Experimental therapy of Nonalcoholic steatohepatitis, and Intrahepatic cholestasis of Pregnancy
The aim of this branch of research is to study liver effects (pharmacodymacs) of current or potential drugs in common liver disorders. Attention is focused on nonalcoholic steatohepatitis (NASH) as a common disease accompanying numerous metabolic and cardiovascular disorders, and intrahepatic cholestasis (ICP), the most frequent liver disorder during pregnancy. We combine appropriate in vivo
models of these situations with detailed analysis of involved regulatory and executive molecules in order to identify dose-response relationship, and responsible mechanisms. Equally important is also description of effects of all such agents in healthy animals because these drugs are frequently used also in clinical situations without NASH and ICP.
Modulation of bile acid homeostasis, and bile production.
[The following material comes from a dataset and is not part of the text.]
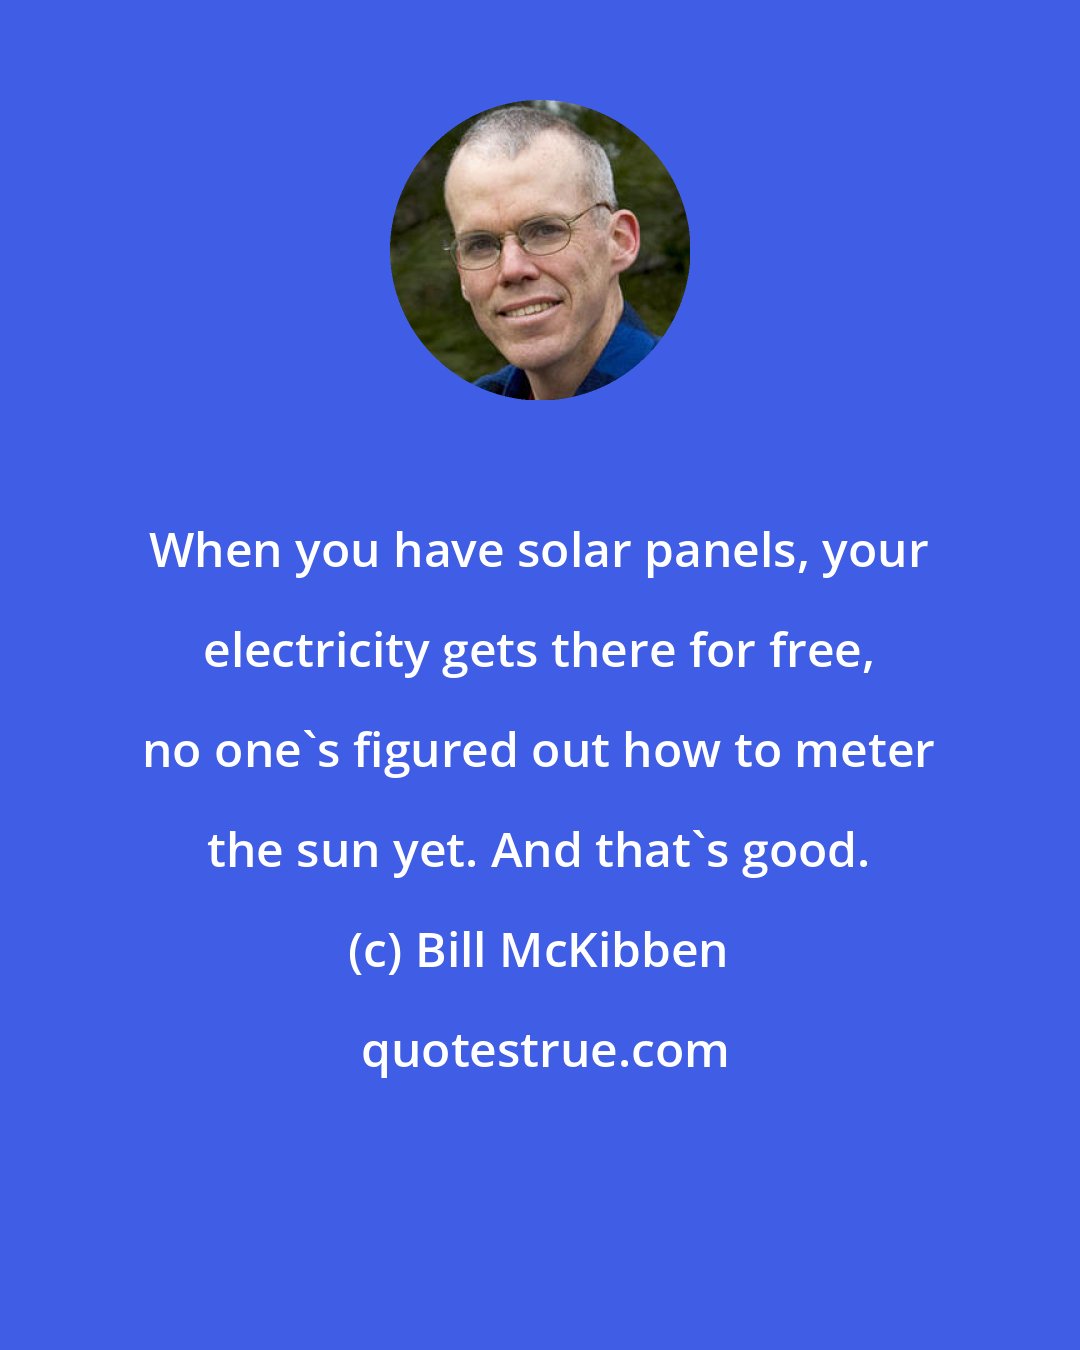 Bill McKibben: When you have solar panels, your electricity gets there for free, no one's figured out how to meter the sun yet. And that's good.

Bile production is an essential function of the liver and serves as an irreplaceable excretory pathway for elimination of lipophilic endo- and xenobiotics such as cholesterol, BA, bilirubin or drugs. Moreover, as major components of bile, BA are required for micelle formation, intestinal fat digestion, regulation of bacterial growth, and immune response and production of regulatory mediators released to portal circulation such as fibroblast growth factor 19 or glucagon-like peptide 1. In addition, BA as the major metabolites of cholesterol, act as hormones by agonism at several receptors such as farnesoid X receptor (FXR), the G protein-coupled bile acid receptor 1 (TGR5), sphingosine-1-phosphate receptor 2, or pregnane X receptor (PXR), and regulate numerous liver functions including glucose and triglyceride metabolism. Stimulation of these receptors demonstrates promising positive effects in liver diseases such as nonalcoholic steatohepatitis (NASH) or intrahepatic cholestasis. On the other hand, BA accumulated during different forms of cholestasis may have a direct toxic effect on liver cells and tissues. Regulation of bile production and BA homeostasis are therefore key events in liver physiology and pathophysiology. Numerous regulatory events exist in whole process, especially nuclear receptors FXR, PXR, CAR, VDR, as well as feedback and inflammatory signaling triggering mitogen-activated kinases, or directly interacting with promotor sequences as we have recently detected for iron-mediated changes. The aim of this branch of research is therefore the identification of regulatory mechanisms of BA homeostasis and bile production, and characterization of possible pharmacological modulation.
This part is solved in cooperation with the group of prof. PharmDr. Petr Pavek, Ph.D.
and prof. PharmD. Petr Nachtigal, Ph.D.
from Faculty of Pharmacy in Hradec Kralove.
Drug pharmacokinetics in preclinical studies
Knowledge of pharmacokinetic characteristics of evaluated drugs, i.e. absorption, distribution, metabolism, and excretion is an essential prerequisite for successful pharmacotherapy with minimum of adverse reactions and drug-drug interactions. We therefore focus on evaluation of kinetic parameters including clearance, biliary and urinary secretion, volume of distribution, biological half-life and bioavailability in current or developing drugs. Essential approach is the usage of suitable in vivo
and in vitro
models together with advanced analytical and mathematical methods.